**Data for this exercise**.
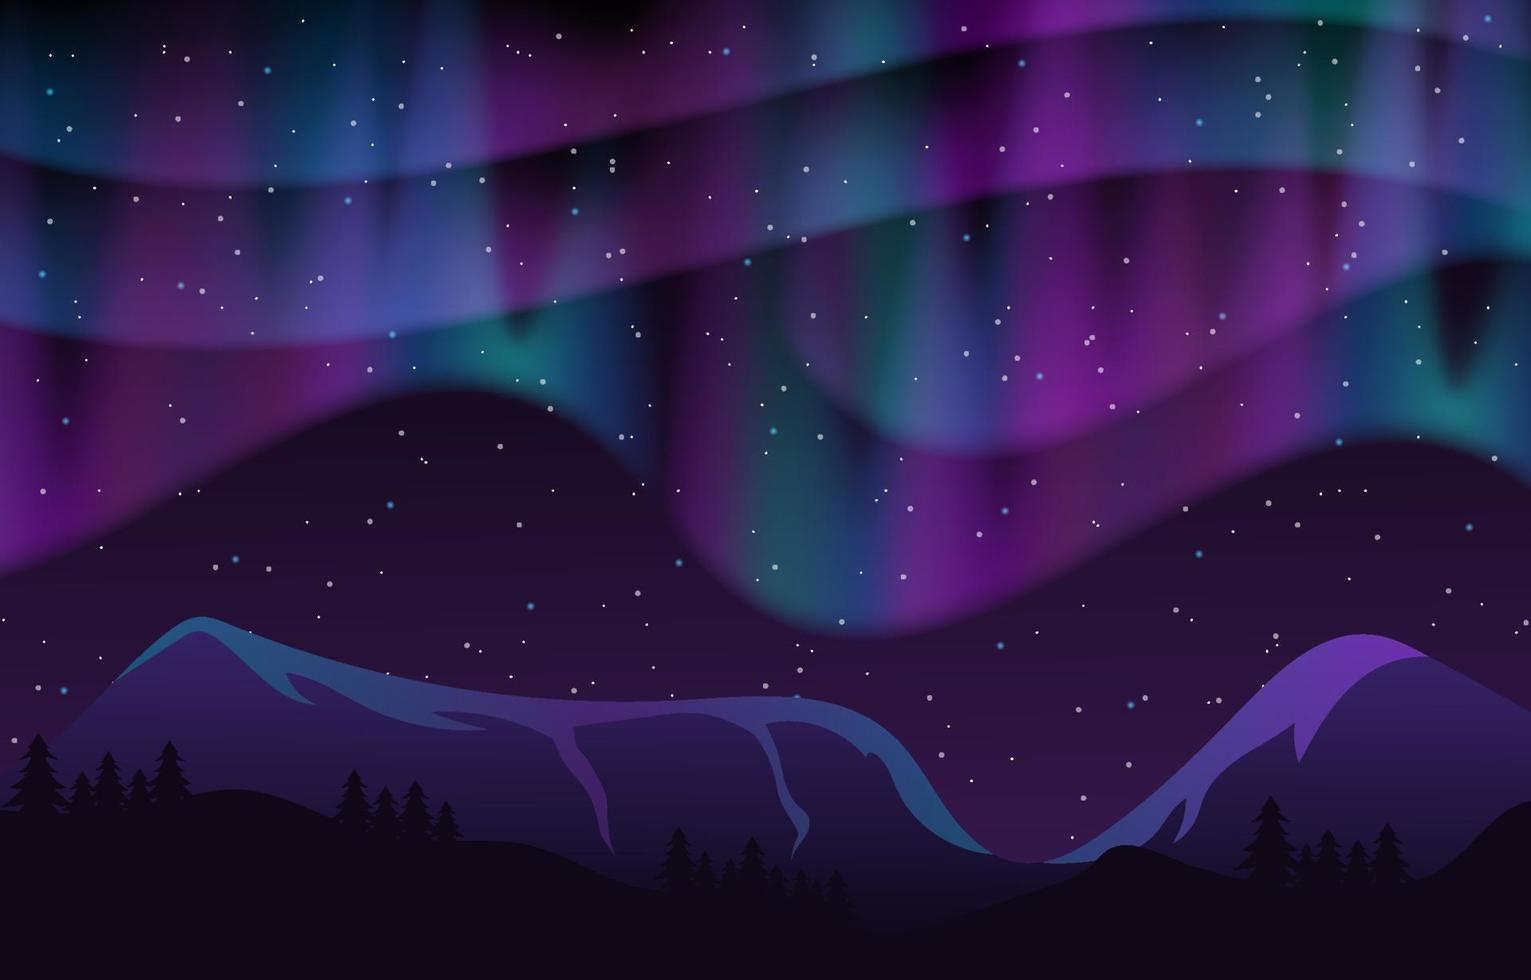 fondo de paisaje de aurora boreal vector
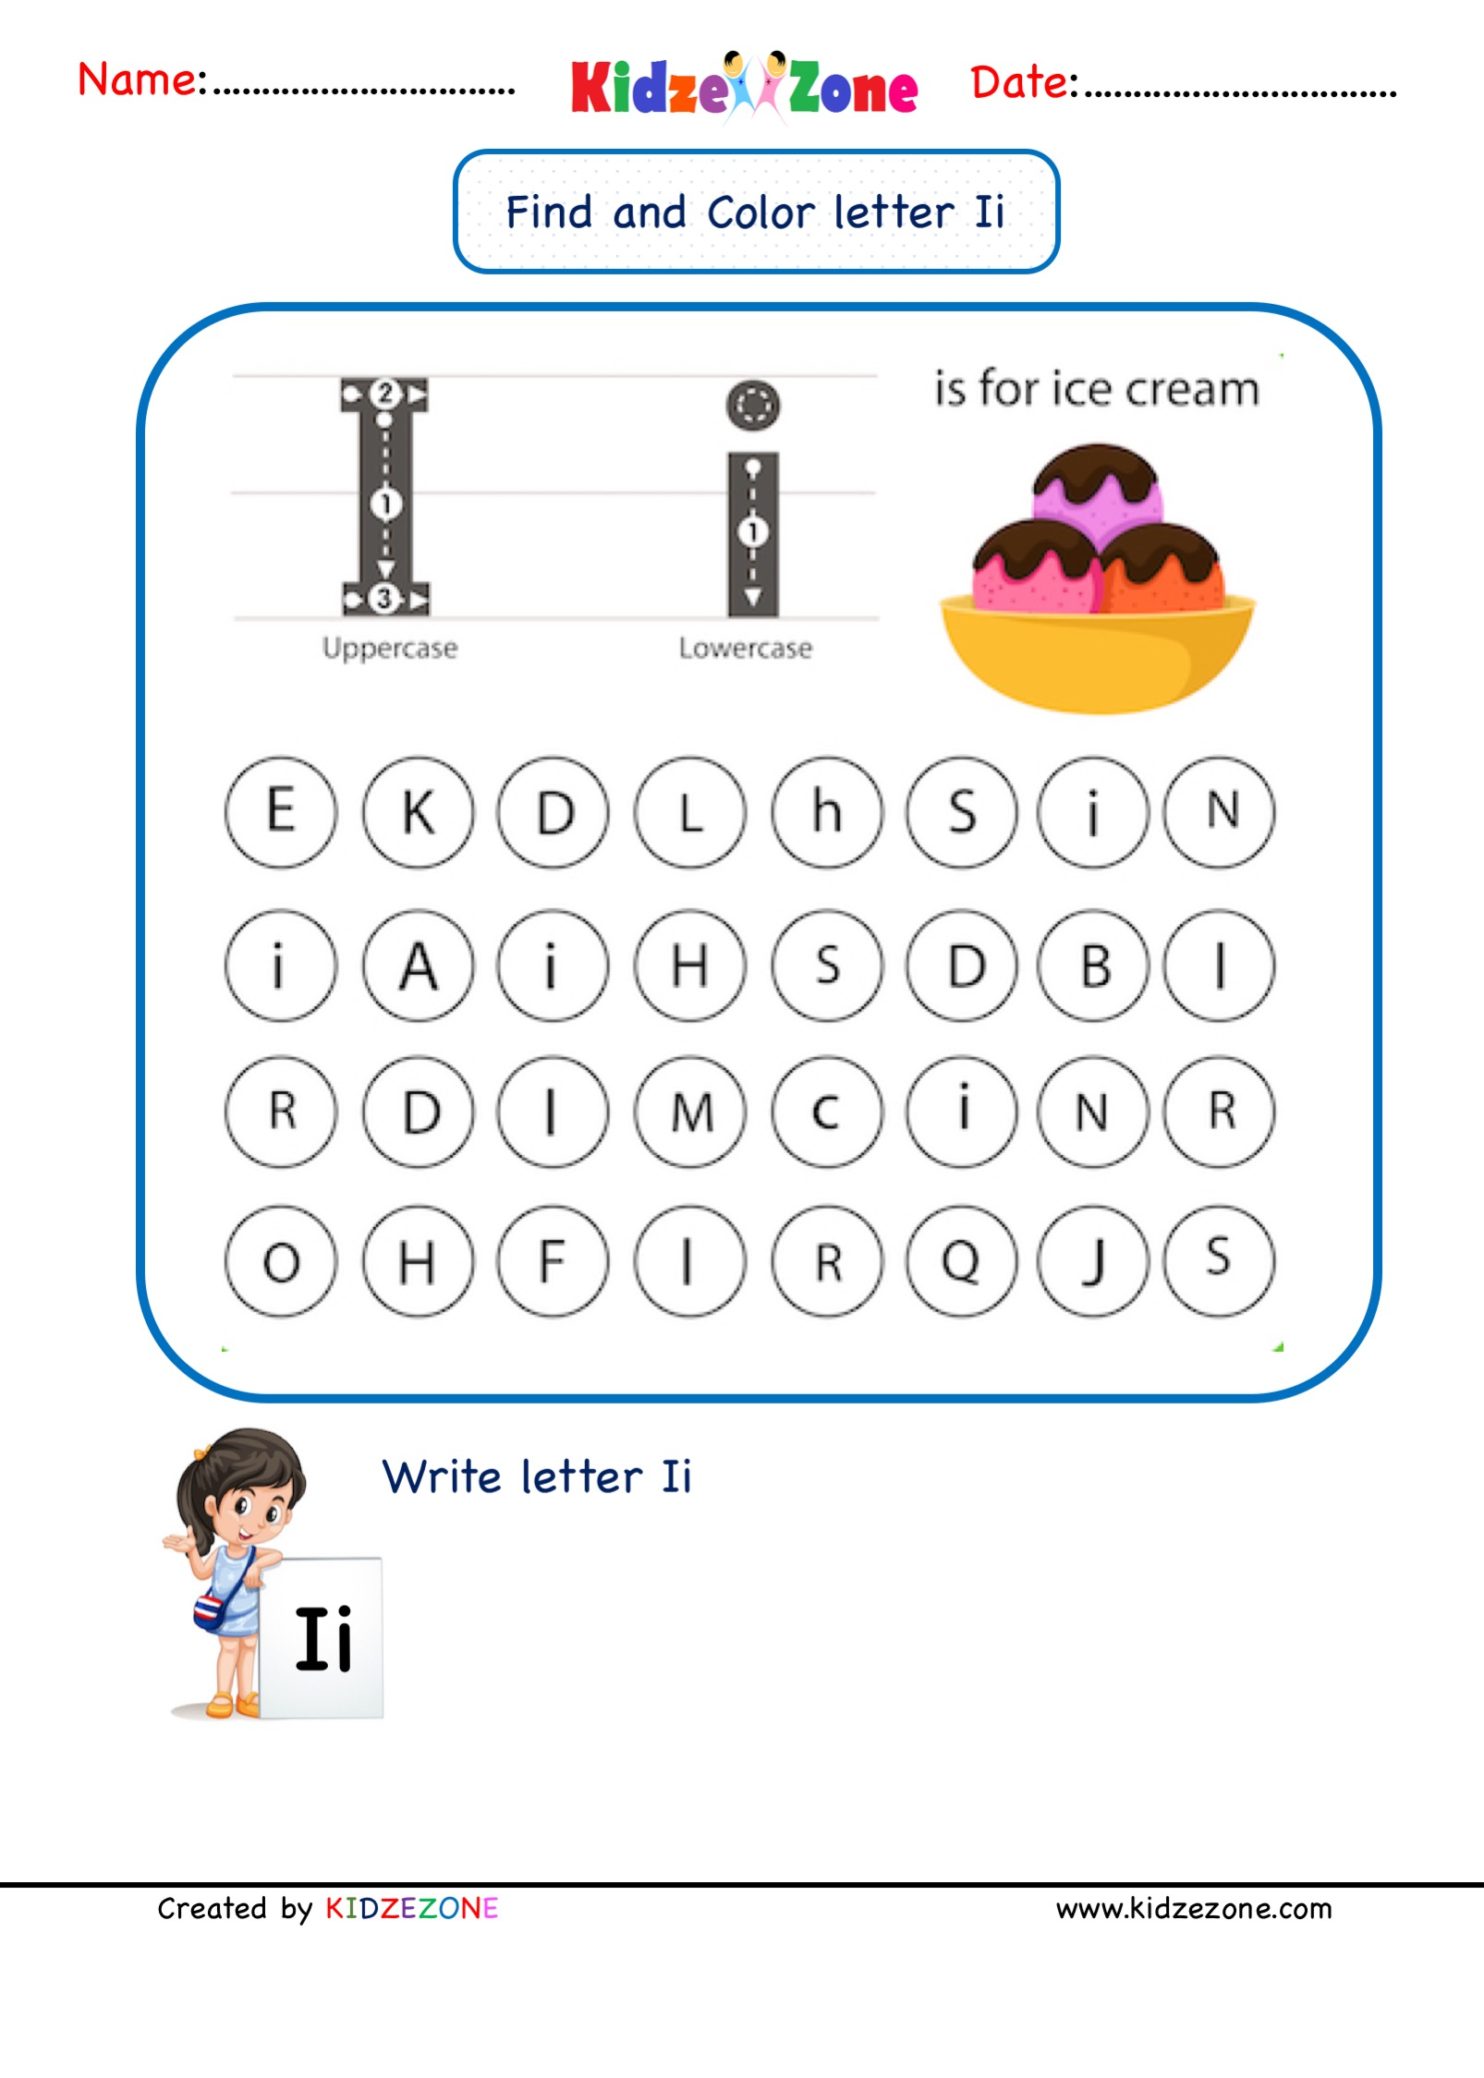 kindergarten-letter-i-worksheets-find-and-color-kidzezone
--
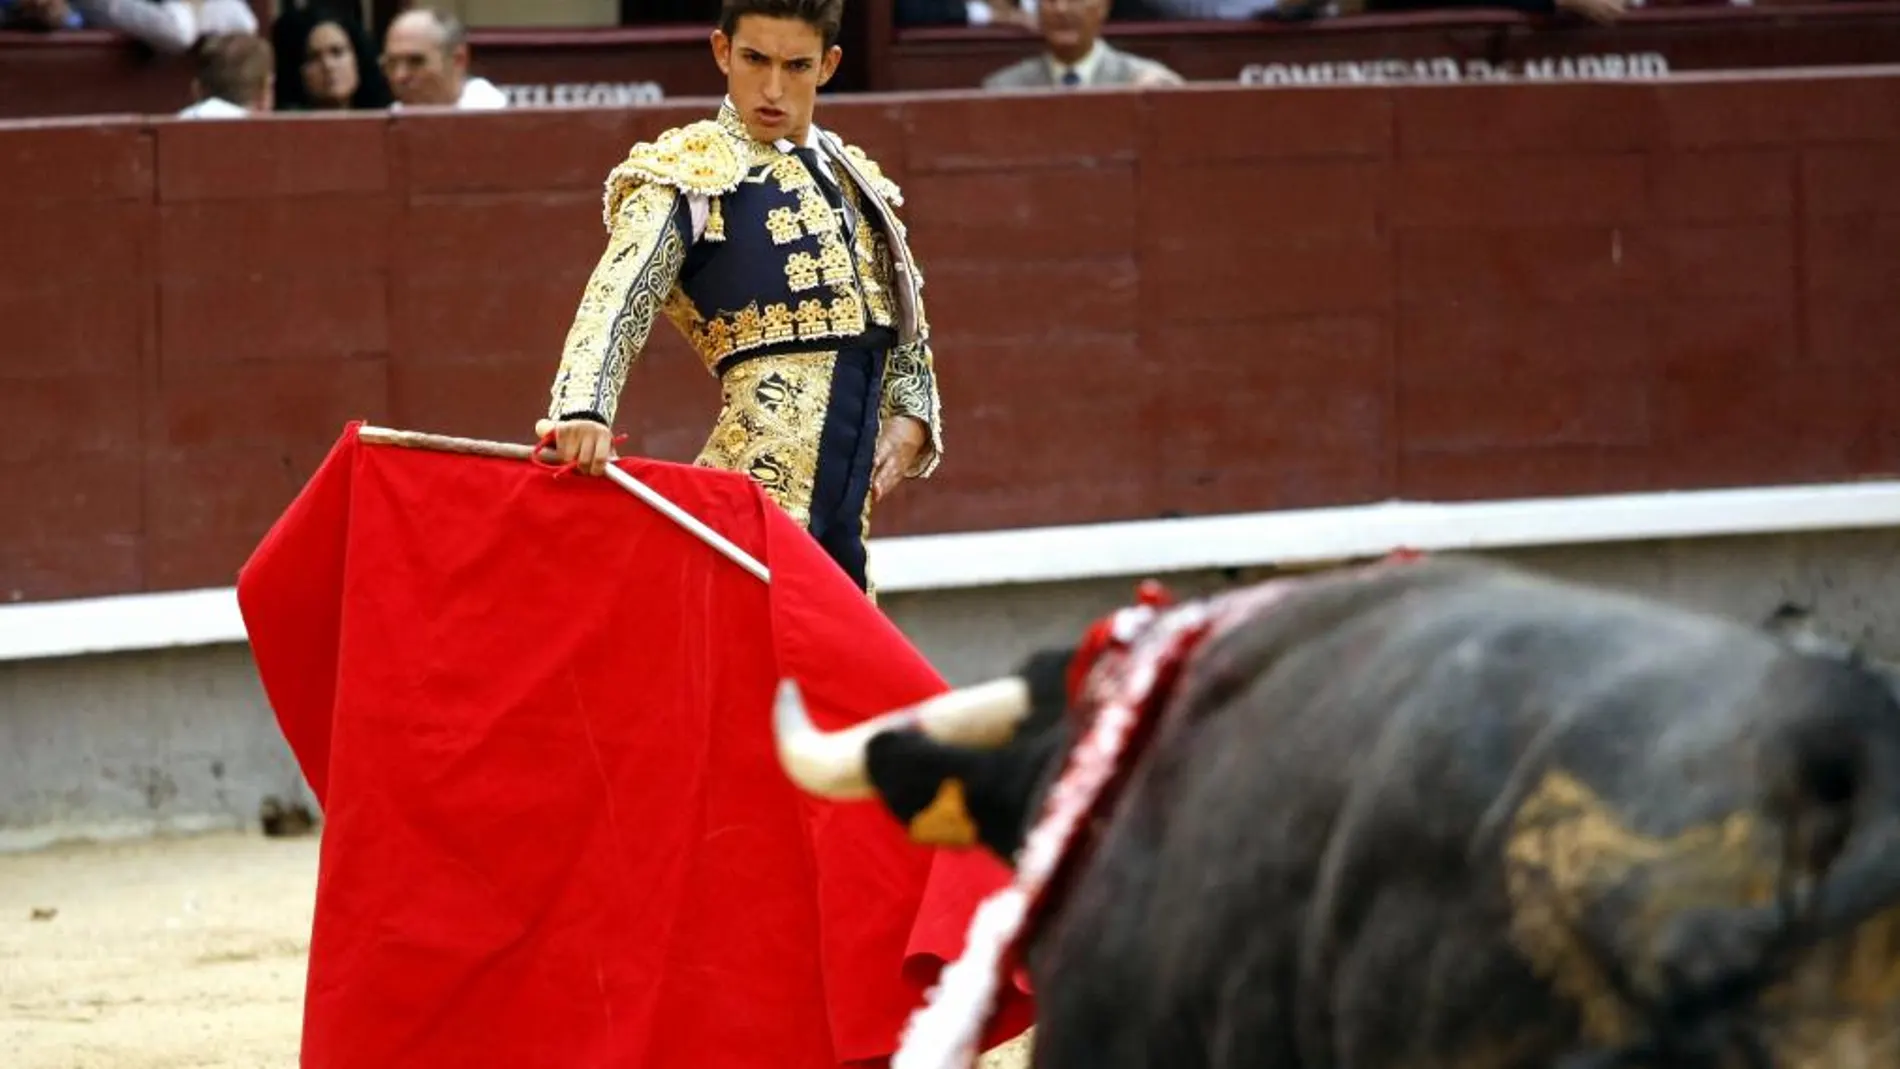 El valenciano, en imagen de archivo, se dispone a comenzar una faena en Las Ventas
---
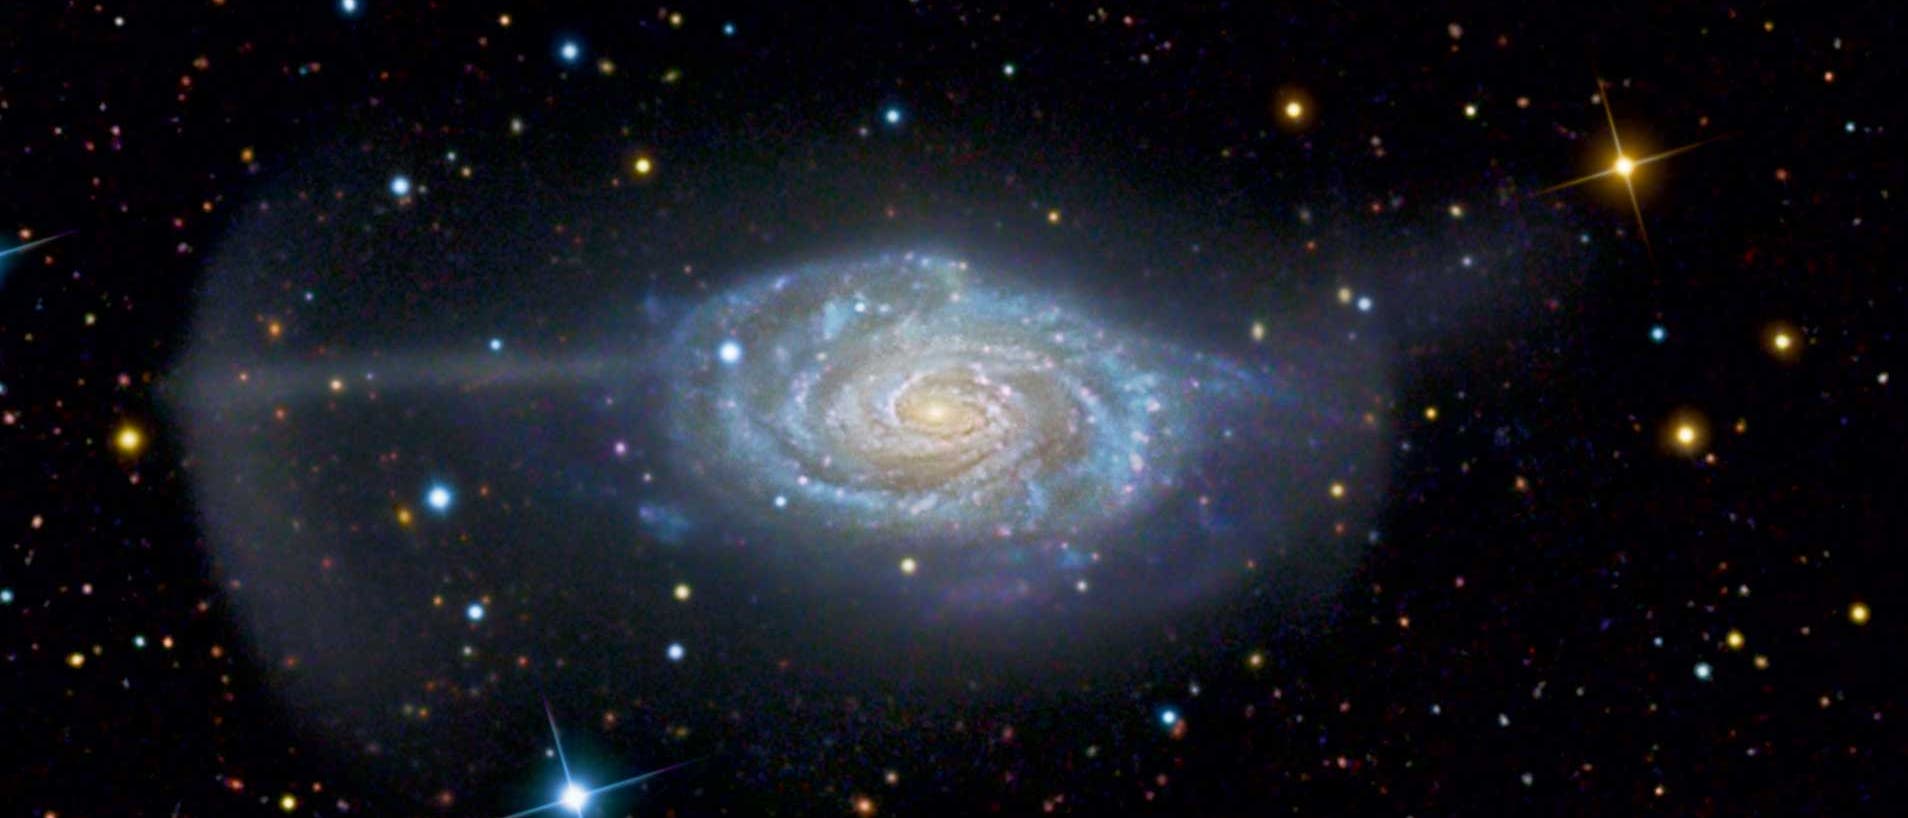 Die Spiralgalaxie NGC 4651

**Problem details**. Only the lines starting at the one that includes "fondo de paisaje de aurora boreal vector" and ending at the one that includes "kindergarten-letter-i-worksheets-find-and-color-kidzezone" should be retyped, exactly, from the records above; no pictures.

**The answer**.
 fondo de paisaje de aurora boreal vector
 kindergarten-letter-i-worksheets-find-and-color-kidzezone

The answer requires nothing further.